Another area of concern is onsite security. Also known as physical security, this covers facility access along with the protection of computer hardware and other information assets. All the cutting edge cybersecurity software won’t help a bit if someone walks in and grabs an unlocked laptop from the breakroom or snaps a picture of your product pipeline on a whiteboard.

Admittedly, these are correlations and there could be other factors at play that are affecting the above statistics. But this data strongly suggests gamified security training is often less effective than traditional training methods.

This leads us to three important takeaways:

1. Gamification can improve engagement, but not enough for most employees to rate security training as anything but dull.

2. Security incidents are reported at a much higher rate among employees who receive gamified security training.

3. Gamified security training tends to overlook basic security topics such as password policies, data privacy, AUPs, and onsite security.

Taken together, these points should prompt you to reevaluate your training strategy to ensure that all relevant topics are covered, while infusing it judiciously with gamification to add dynamic elements that boost engagement.

Another way to optimize engagement is to focus on what employees want from their training.

Employees prefer monetary rewards, simulations, and individual training

It’s not a game without some sort of reward, whether it’s in the form of a monetary prize or some type of formal recognition. If you think that a gift card is more desirable to employees than a pat on the back, consider our research a confirmation.

Our respondents prefer monetary rewards, but not by much.

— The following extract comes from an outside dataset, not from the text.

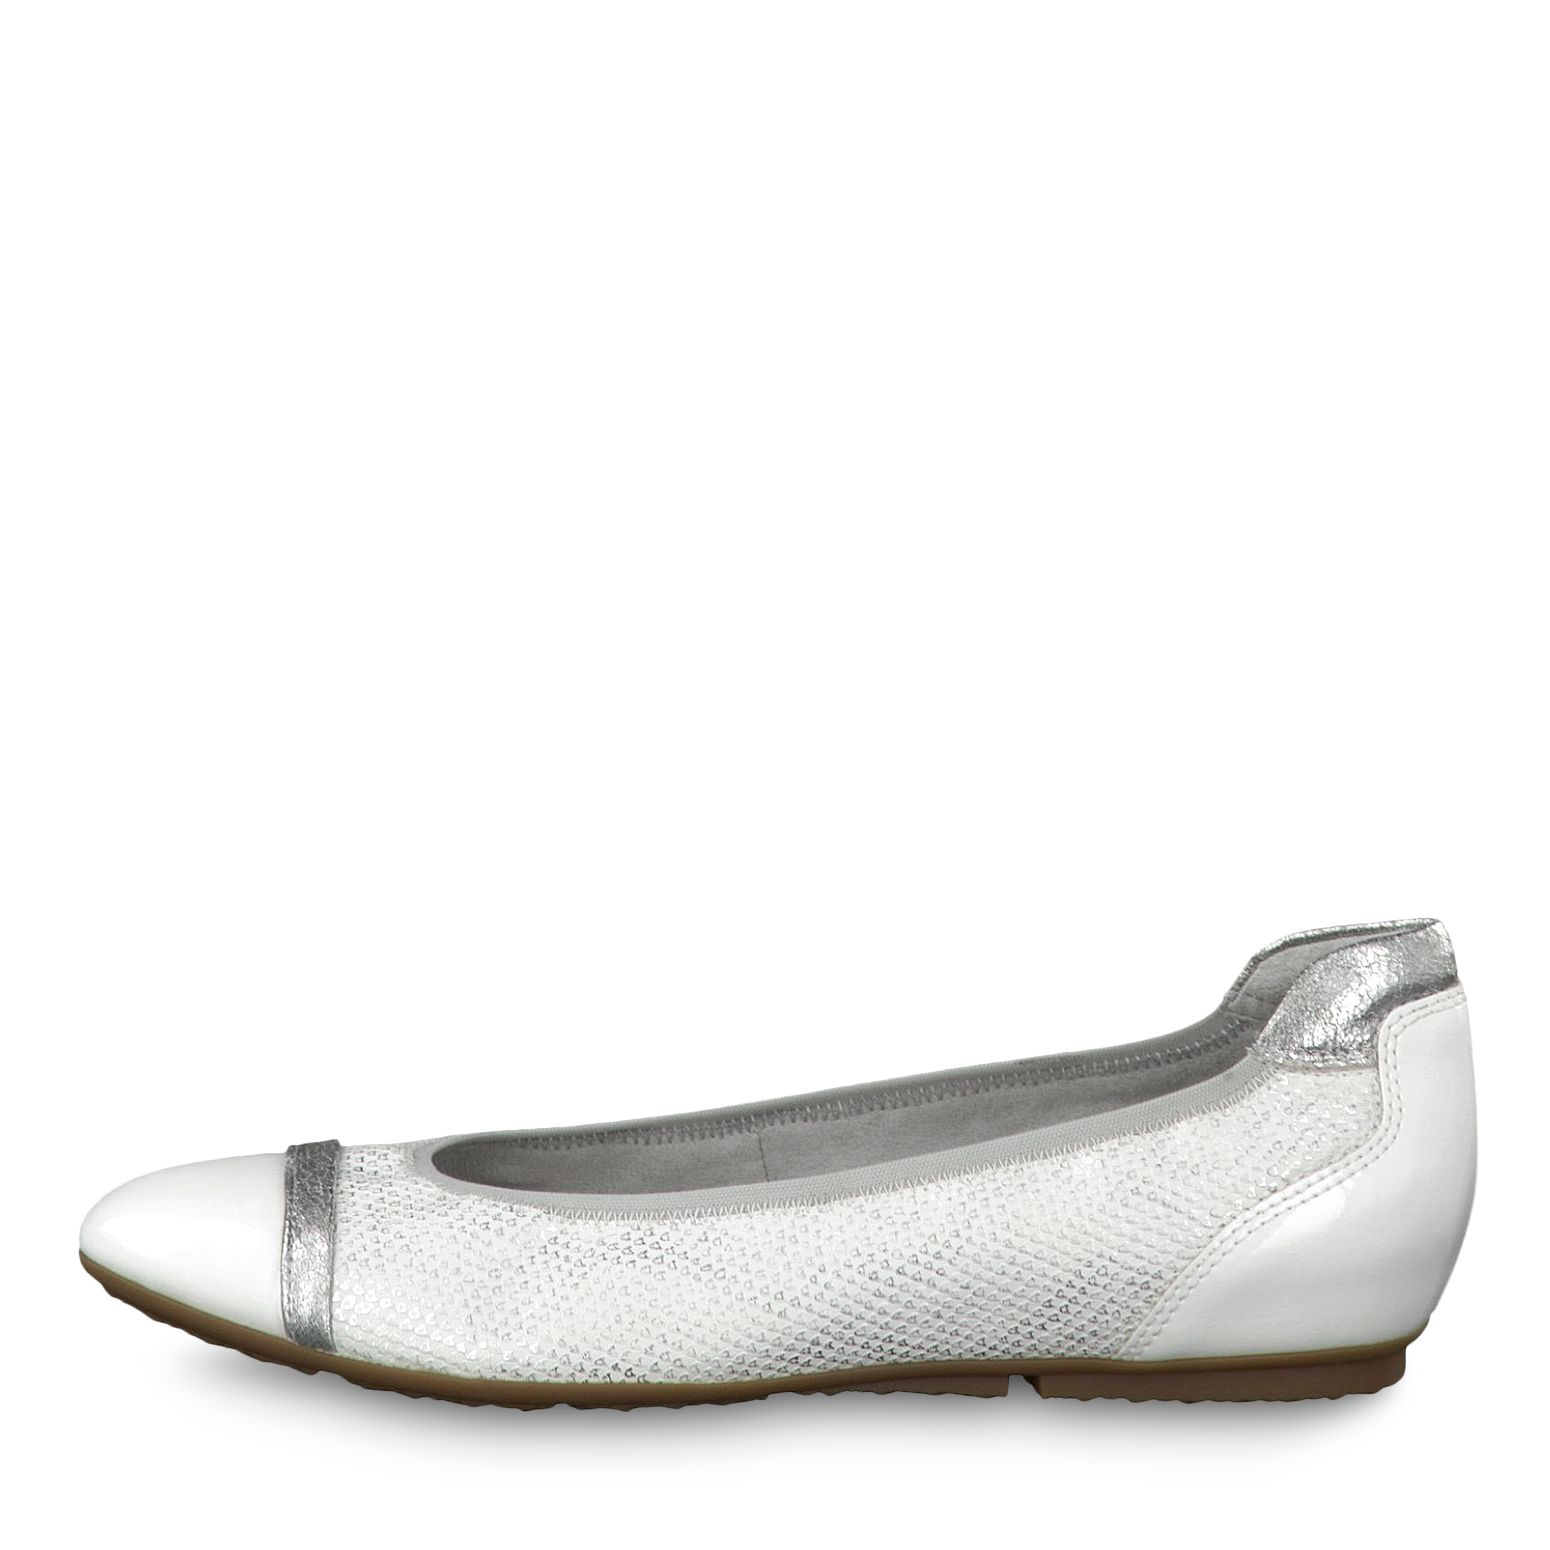 Buy Joya Shoes Online

When asked which elements would improve interest in security awareness training, the top responses are monetary rewards (57%), leaderboards (51%), and achievement badges (43%). Non-monetary prizes (such as company swag or special privileges) and recognition awards trailed behind with 37% and 35% respectively. It should be noted that only 2% prefer not to have a reward system.

The most popular gamification methods are real-world simulations (54%), puzzle solving (53%), and virtual or augmented reality (45%). Personalization and social elements are each favored by 39%.

Competitive elements are not popular, with only 22% of employees indicating interest in adding competitive elements into their security training. It follows, then, that most employees prefer individual training (58%) to team-based challenges (42%).

Gamification is known to have clear benefits when it comes to incentivizing employees to increase productivity or boost sales. But when gamification is used to guide behaviors, it must be designed very carefully to avoid blind spots and prevent unintended consequences.

Gamification has its place. Just don’t expect it to be a silver bullet for your security woes—and be prepared to be disappointed if you don’t also supplement it with some good old-fashioned “dull” security training.